__Problem description__
None of the pictures should be copied, though every line of the listing must be printed exactly.

__Recorded data__
- - -
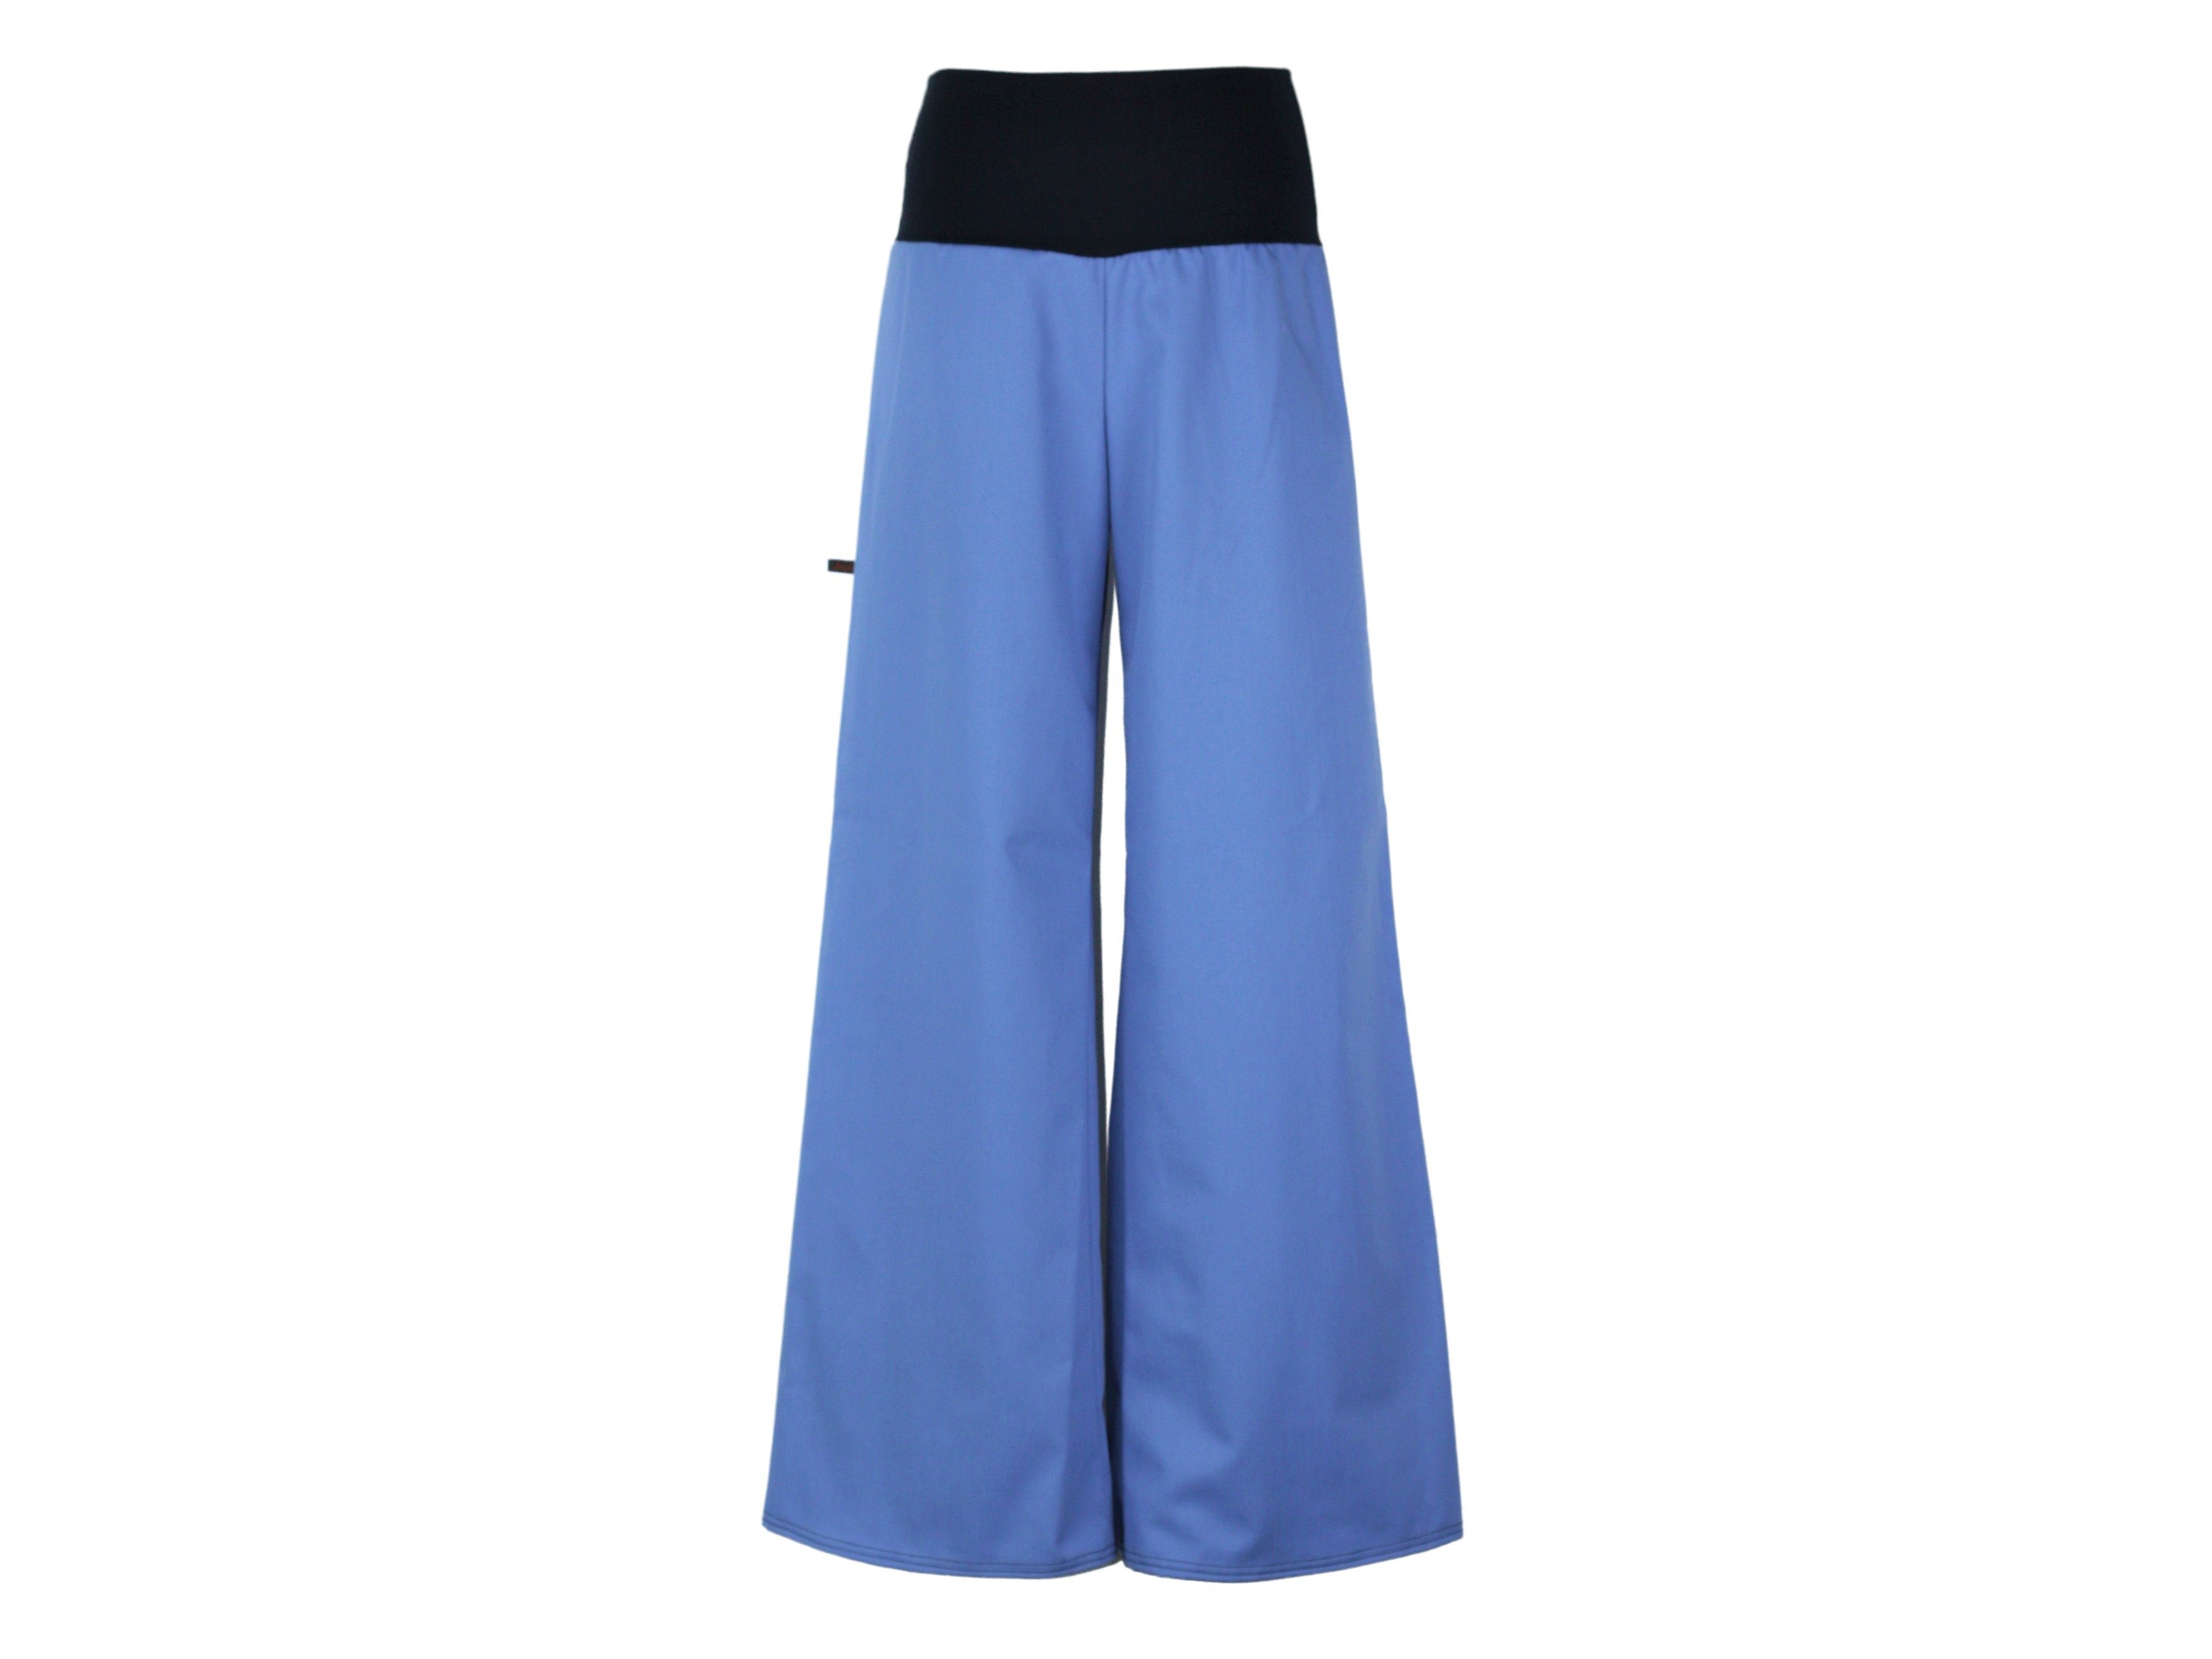 Marlene Stil Blau Stretch-Jeans dunkle design weites Bein
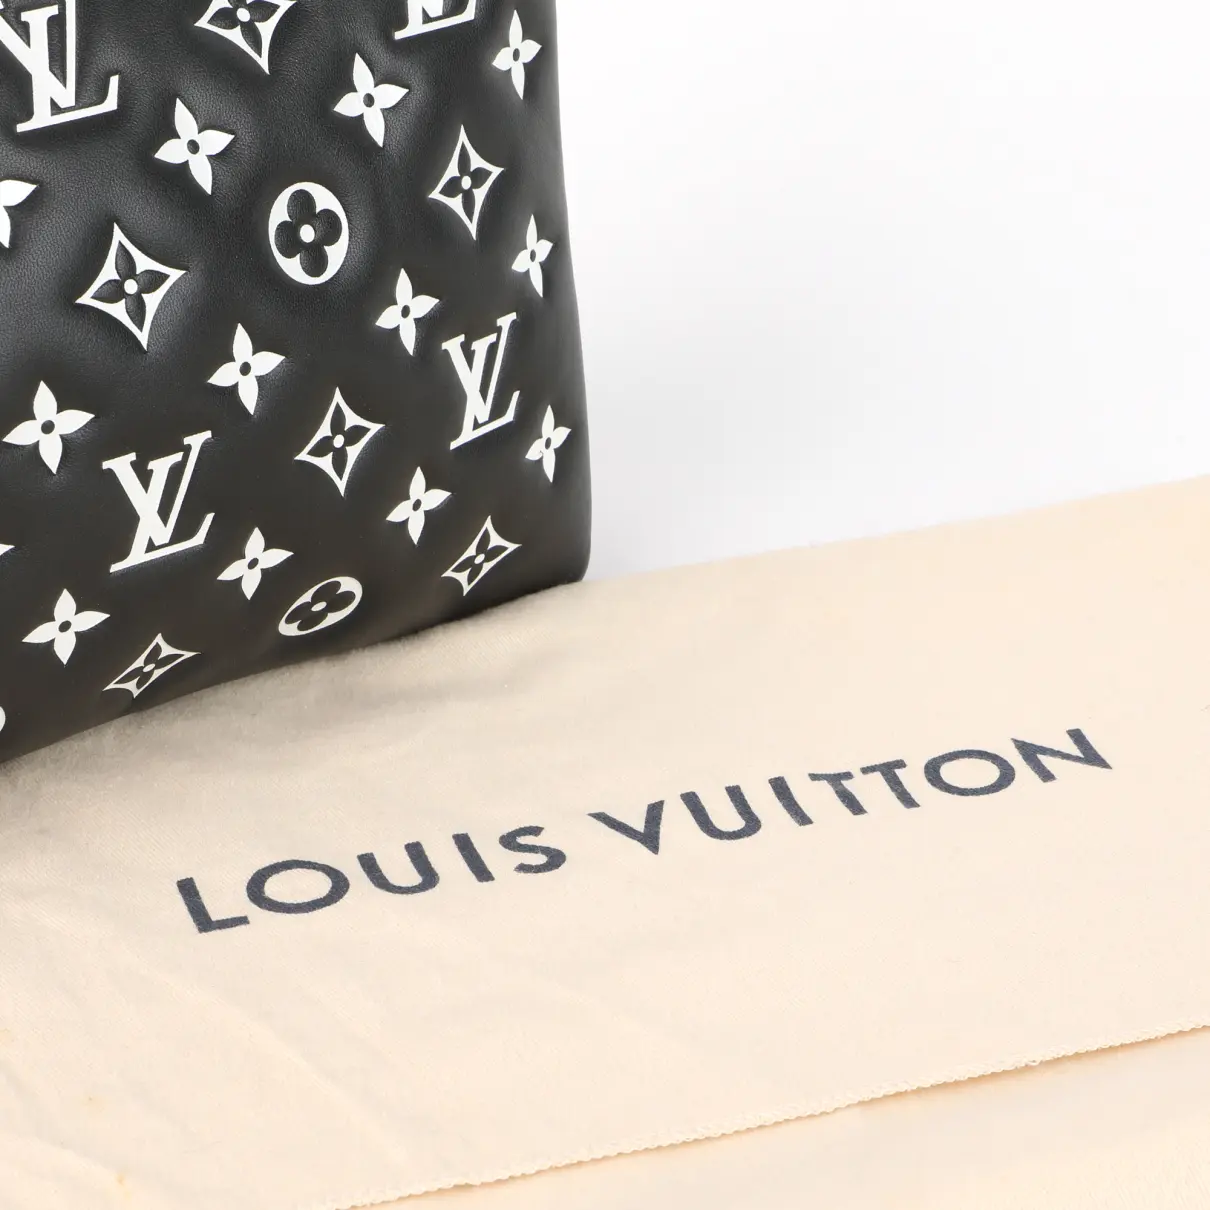 Coussin leather handbag Louis Vuitton
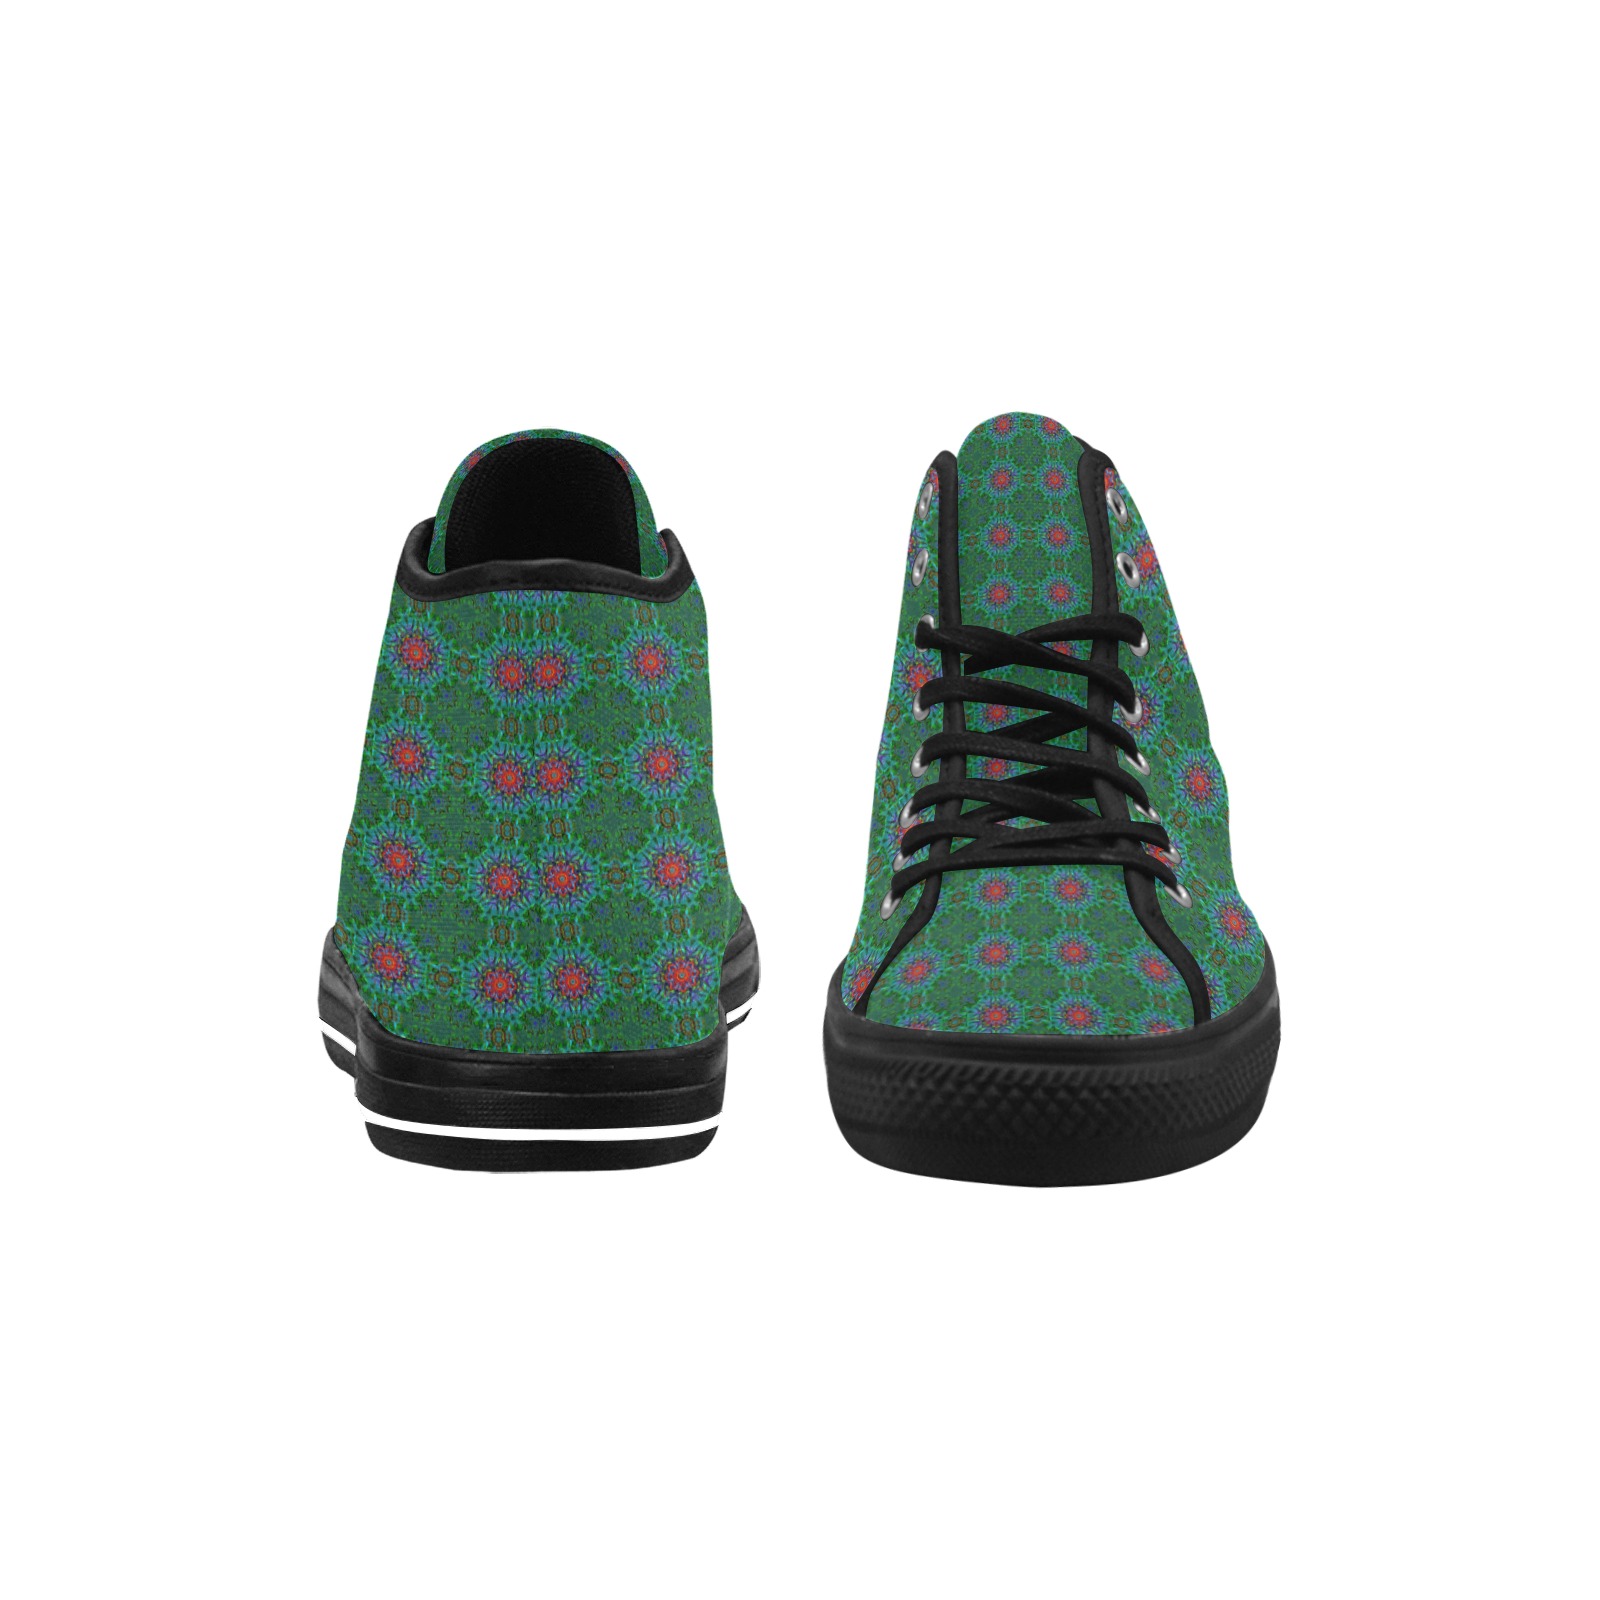 Confianza textile texture mandala pattern Vancouver H Men's Canvas Shoes (1013-1)
- - -
__Solution for this task__
 Marlene Stil Blau Stretch-Jeans dunkle design weites Bein
 Coussin leather handbag Louis Vuitton
 Confianza textile texture mandala pattern Vancouver H Men's Canvas Shoes (1013-1)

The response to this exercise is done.